Similarly, at another major CAR-T center—the Dana-Farber Cancer Institute—this figure is also in the single digits, standing at 2.
The path to commercialization is the path to scale. The primary manufacturing challenge for Novartis’s Kymriah has been insufficient yield of active “killer” T cells following ex vivo gene editing, making standardized CAR-T manufacturing a critical issue. Eric Althoff, a spokesperson for Novartis, stated, “Final products fail to meet specifications typically because the proportion of viable cells is lower than expected.” (In Novartis’s pivotal clinical trials of Kymriah for acute lymphoblastic leukemia and lymphoma, 7%–9% of patients did not receive CAR-T cell infusions due to manufacturing failures.)
An executive at the company responsible for cell and gene therapy once stated that, because Novartis could not charge for a product that failed to meet commercial specifications, many patients received Kymriah treatment free of charge.
At the recently concluded JPM Healthcare Conference, executives from several CAR-T companies, including Celgene, agreed on the need for better control over the production and delivery of cell therapies.

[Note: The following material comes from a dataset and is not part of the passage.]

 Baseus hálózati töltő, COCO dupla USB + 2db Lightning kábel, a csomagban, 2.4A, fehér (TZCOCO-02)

Manufacturing has become a key differentiator in determining the commercial success of CAR-T immunotherapies.
Novartis’s current predicament stems precisely from this issue. The company is striving to address manufacturing challenges by continuously improving its processes to enhance efficiency and reduce product variability. Novartis has also stated that it is pursuing automation of the CAR-T manufacturing process to increase consistency while ensuring a safe and high-quality final product.

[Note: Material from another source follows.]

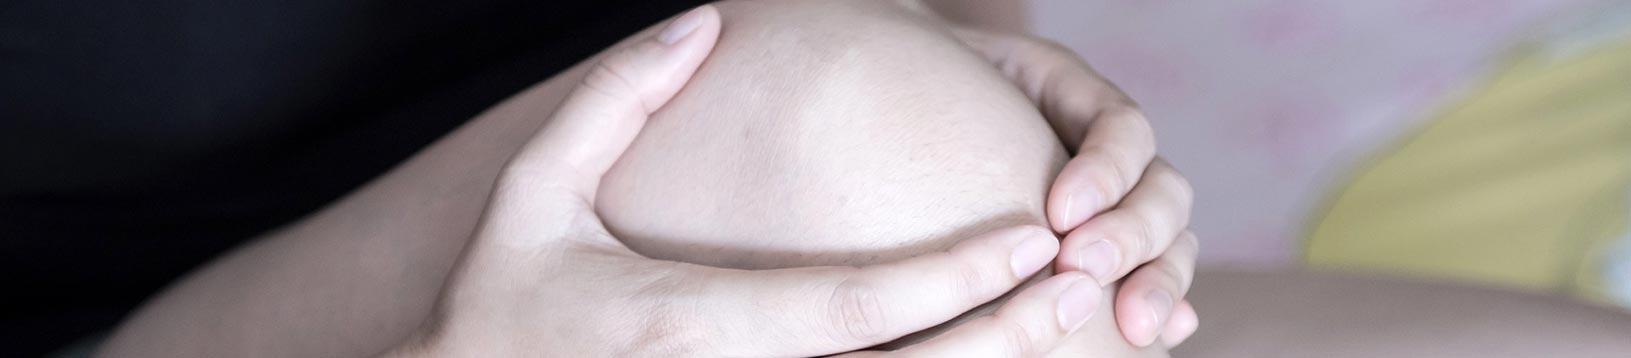 L'Artrite Reumatoide è un processo infiammatorio di una o più articolazioni, scrive in un articolo il Fisioterapista Giuseppe La Mendola

Gilead, a competitor, is also pursuing automated manufacturing and focusing on next-generation automated manufacturing systems.
Novartis executives are attempting to view Kymriah from a positive perspective.
Elizabeth Barrett, former head of Novartis Oncology, stated, “Despite the challenges we encountered in manufacturing, we have actually exceeded expectations, and centers continue to place orders for Kymriah.”
Novartis Global CEO Vas Narasimhan stated that Kymriah’s safety profile has encouraged Novartis to expand production in France, Switzerland, and China. (Data from the commercial use of Kymriah have not yet been released.)
Vas Narasimhan is also optimistic that CAR-T therapy can treat patients in the early stages of cancer, not just those with advanced disease. “We truly believe this is a long-term game, and we are very confident in the prospects of our drugs.”
However, to instill the same confidence in others, more data beyond that of first-generation CAR-T products are required. The industry is closely monitoring safety data for next-generation CAR-T therapies, with several companies, including Novartis and Gilead, developing experimental CAR-T treatments for cancers such as blood cancers. If these therapies demonstrate improved safety profiles, the use of CAR-T in broader clinical settings will become feasible.
The breakthrough nature of CAR-T therapy led to Kymriah and Yescarta being labeled as “blockbuster drugs” upon their market launch. This high expectation is evident from Novartis CEO’s ambition to extend CAR-T therapy to patients in the early stages of cancer, as well as Gilead’s $11.9 billion acquisition of Kite Pharma just before Yescarta’s approval. A third CAR-T therapy, JCAR017, developed by Juno Therapeutics (a subsidiary of Celgene, now part of Bristol Myers Squibb), is also poised for launch.
However, beyond therapeutic efficacy, it is also essential to strengthen the industrial chain. The commercial setbacks encountered by the world’s first marketed CAR-T drug have highlighted the imperative need to optimize manufacturing processes. If domestic companies dedicated to CAR-T development can strategically position themselves in advance, they may gain a competitive edge in the commercial application of their products post-launch.